Siamo sicuri che Dio è cattivo?

Posted by on 27 settembre 2006

Dio è cattivo.
Questo mi verrebbe naturalmente da pensare alla luce del fatto che molti suoi discepoli in politica e l’istituzione ecclesiastica stessa, in nome suo, si scagliano con vigore contro l’eutanasia.
Se rispettare la sua volontà equivale a lasciar soccombere e vegetare tra indicibili sofferenze malati terminali irrecuperabili, allora potrei affermare che Dio non è clemente, ma sadico. E se fossi cattolico, difficilmente cadrei in questo paradosso.

Il noto paradosso teologico

“Assumendo l’esistenza del male in senso cristiano, o Dio non è onnipresente (altrimenti il male sarebbe una sua parte), o Dio non è onnipotente (in quanto il male esiste), o Dio non è infinitamente buono (poiché il male sarebbe una creazione di Dio)”

solitamente viene confutato sostenendo che il male è il risultato delle azioni delle creature di Dio, non è “creato da Dio”, ma prodotto e vissuto da esseri dotati di libero arbitrio.
Si afferma cioè il principio del libero arbitrio come deroga all’onnipotenza divina.

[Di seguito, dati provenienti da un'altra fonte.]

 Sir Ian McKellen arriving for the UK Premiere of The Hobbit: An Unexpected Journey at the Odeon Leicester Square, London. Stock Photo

Ma allora, se il divino non può mettere becco sulle libere azioni arbitrarie dell’uomo, che valga fino in fondo! Sia lasciata all’individuo consapevole la scelta ultima sulla propria esistenza. Poi possiamo discutere sul termine “consapevolezza”, questo va bene, ci mancherebbe, ma si rispetti la suprema libertà individuale di scegliere, in piena coscienza, se esistere senza vivere, o non esistere.

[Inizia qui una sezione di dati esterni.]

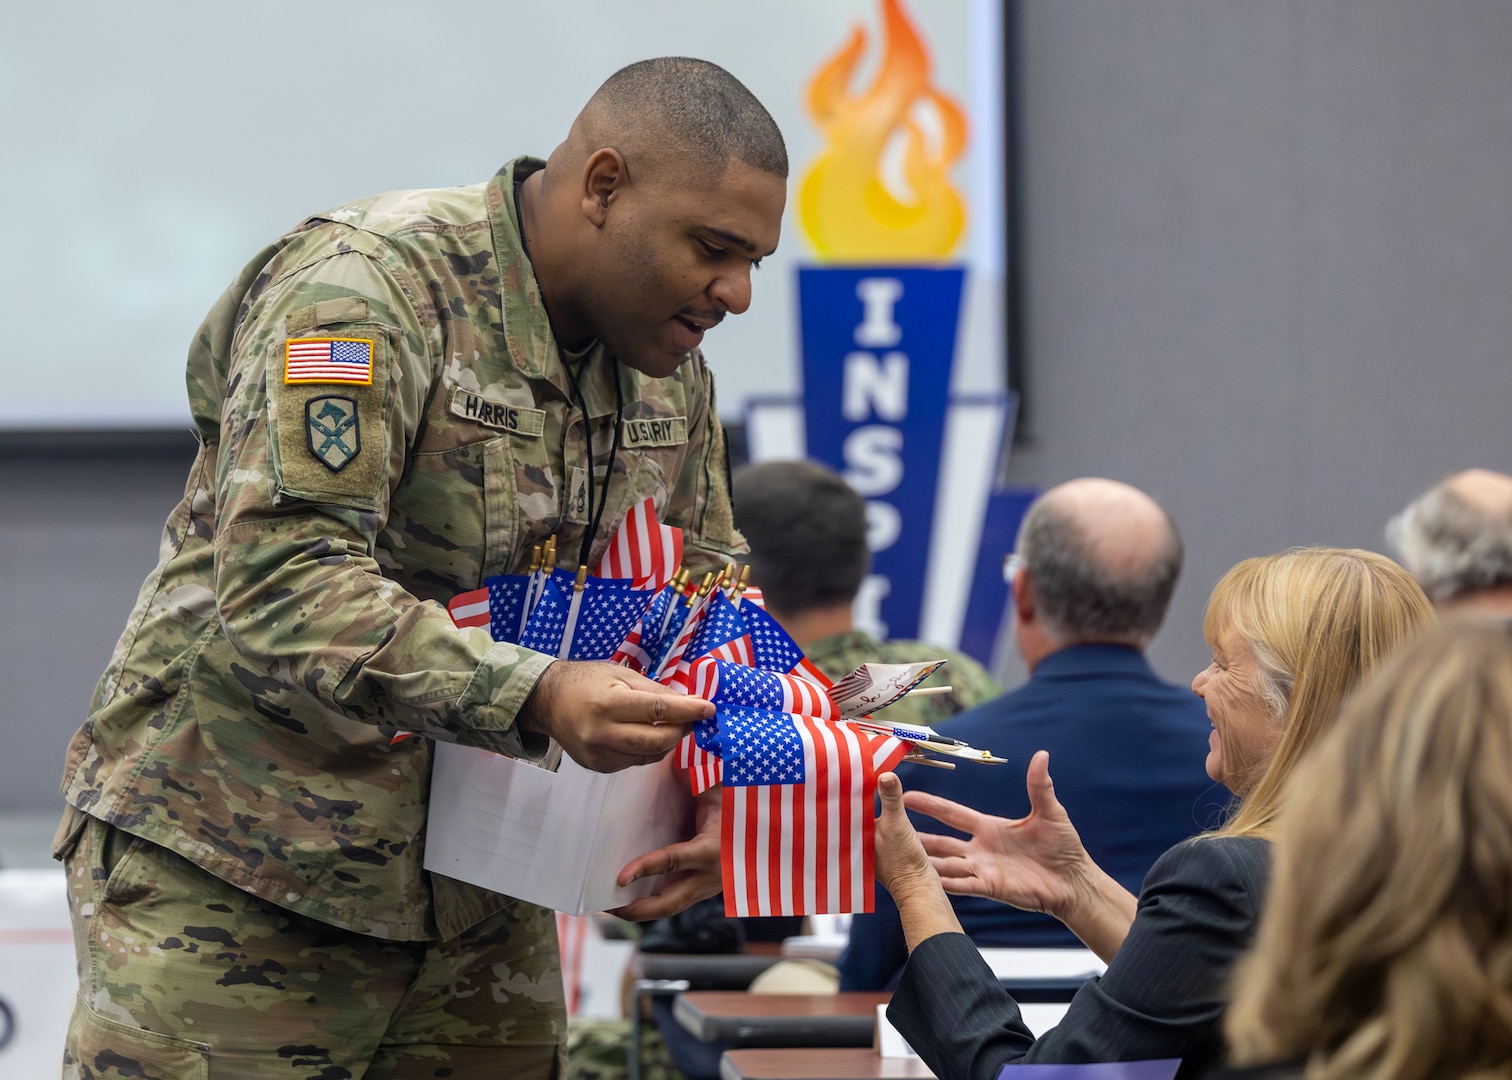 Sergeant First Class Johnny Alphonso Harris, Naval Surface Warfare Center Panama City Division Equal Employment Opportunity and Diversity & Inclusion (ED&I) specialist, hands out American flags to INSPIRE 2.0 attendees, Nov. 14. The event began by recognizing the civilian workforce who actively serve in the military, is a military veteran, is a family member of a military member or those who took the oath of federal service who support this country and its servicemembers. (U.S. Navy photo by Eddie Green)

Il tema è complesso così come lo è il secolare dibattito sulla società liberale e sul ruolo che lo Stato può/deve assumere nei confronti della sfera individuale. Non è questo il luogo dove approfondire.
Resta il fatto che Rotondi, Alemanno, Marini, vescovi, cardinali e chierici vari che oggi tanto si battono per impedire o insabbiare un dibattito richiesto da più parti potranno scegliere in assolutà libertà, in linea col proprio credo religioso e con le leggi attuali, di non intervenire per lenire le sofferenze proprie o dei propri cari qualora si trovassero a confrontarsi con un male incurabile terminale.
Se pensano che la vita appartiene a Dio, sono liberi di crederlo e di comportarsi di conseguenza.
Ma con quale diritto possono imporre le proprie credenze intimamente personali anche agli altri, laici, agnostici, buddisti, satanisti che siano?